A set of additional parameters, that are not included in the _input config_ file, but are included during the automatic `deeprvat_config.yaml` generation, can be found in [`base_configurations.yaml`](https://github.com/PMBio/deeprvat/blob/main/deeprvat/deeprvat/base_configurations.yaml). To change any of the parameters contained within `base_configurations.yaml`, simply add the desired parameter in the same nested dictionary fashion as it is shown in the `base_configurations.yaml` file to your `deeprvat_input_config.yaml` file with its new value.

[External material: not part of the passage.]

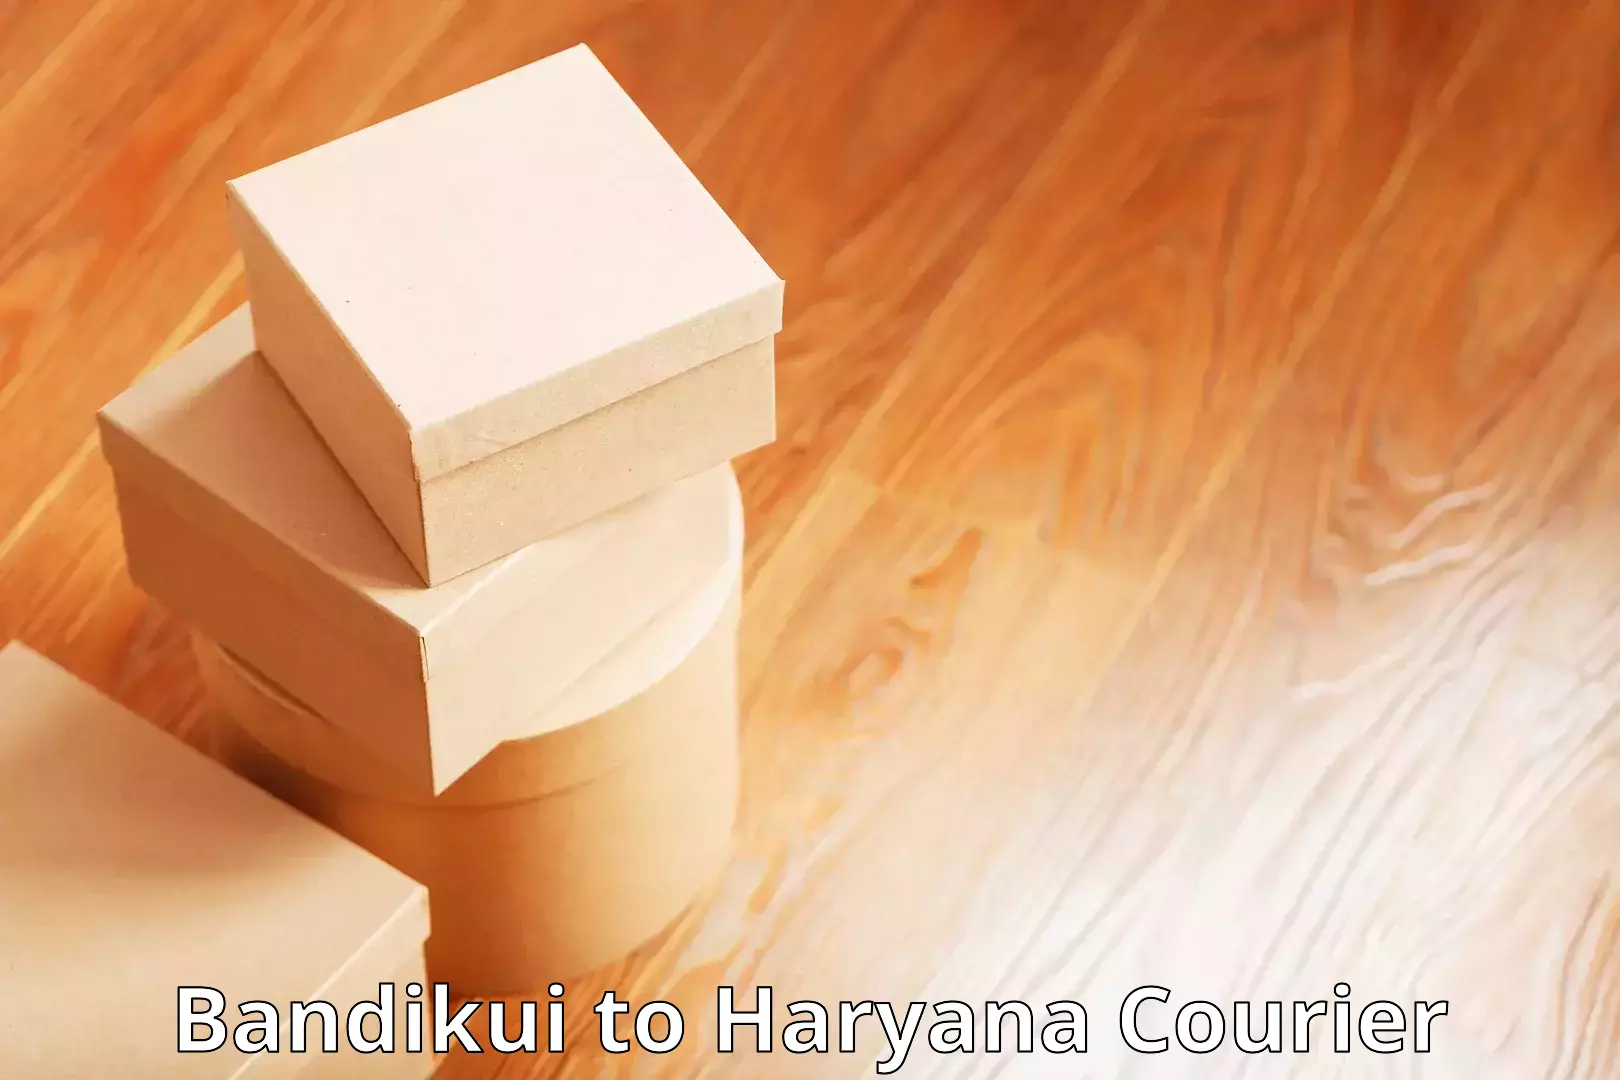 Next-generation courier services Bandikui to Ratia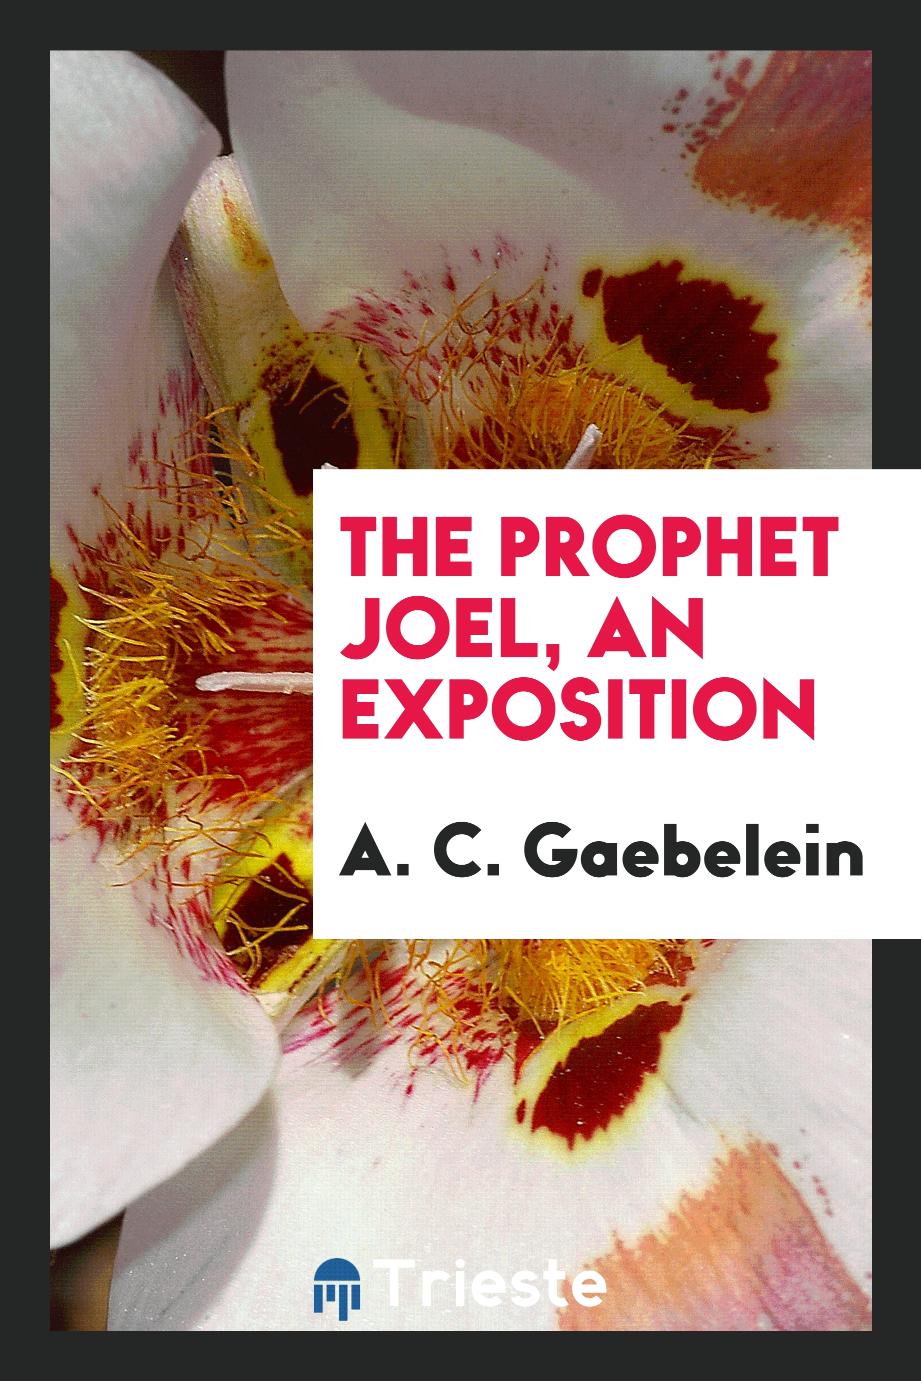 The Prophet Joel, an exposition

The example below shows how to change these advanced configurations.

Parameters in `base_configurations.yaml` that you would like to change:
```
n_burden_chunks: 5
training_data:
    dataloader_config:
        batch_size: 64
```
Include those parameters, with their associated nested keys, in your respective `deeprvat_input_config.yaml` with your new desired value:
```
n_burden_chunks: 6
training_data:
    dataloader_config:
        batch_size: 128
```

(input-data-formats)=
## Input data formats


### Genotype file

Contained in the file given by `gt_filename`. Output of the preprocessing pipeline. HDF5 format. The file has three datasets. `samples` is a byte-encoded array of sample ID strings. `variant_matrix` and `genotype_matrix` encode genotypes in a custom sparse format. Both matrices are the same size, with samples along the rows and variants along the columns. `variant_matrix` gives an integer variant ID (assigned by the preprocessing pipeline), and the corresponding cell of `genotype_matrix` is given by 1 or 2. To account for samples having a different total number of variants, the rows of each matrix are padded with -1.


### Variant file

Contained in the file given by `variant_filename`. Output of the preprocessing pipeline. Parquet format. The file contains metadata about variants, namely `id` (an integer variant ID assigned by the preprocessing pipeline and corresponding to those from the genotype file), `chrom`, `pos`, `ref` and `alt`. 


### Phenotype file

Contained in the file given by `phenotype_filename`. Must be created by the user. Parquet format. The index (named `samples`) should contain string sample IDs corresponding to those in the genotype file. Additional columns contain covariates and target phenotypes, with column names corresponding to those in the lists `covariates`, `phenotypes_for_association_testing`, and `phenotypes_for_training` in the configuration file. All covariate and phenotype columns should have numerical data types.


### Annotation file

Contained in the file given by `annotation_filename`. Output of the annotation pipeline. Parquet format. Required columns:
* `id`: An integer ID corresponding to those in the genotype and variant files
* `MAF`: Minor allele frequency in a numerical data type

Additional columns contain rare variant annotations used for filtering variants and/or gene impairment module training and evaluation. These must have numerical datatypes.


### Gene file

Contained in the file given by `gene_filename`. Must be created by the user. Parquet format. Required columns:
* `id`: An integer ID which may be chosen by the user
* `gene`: A string gene descriptor which may be chosen by the user

An arbitrary number of additional columns may also be contained in the file.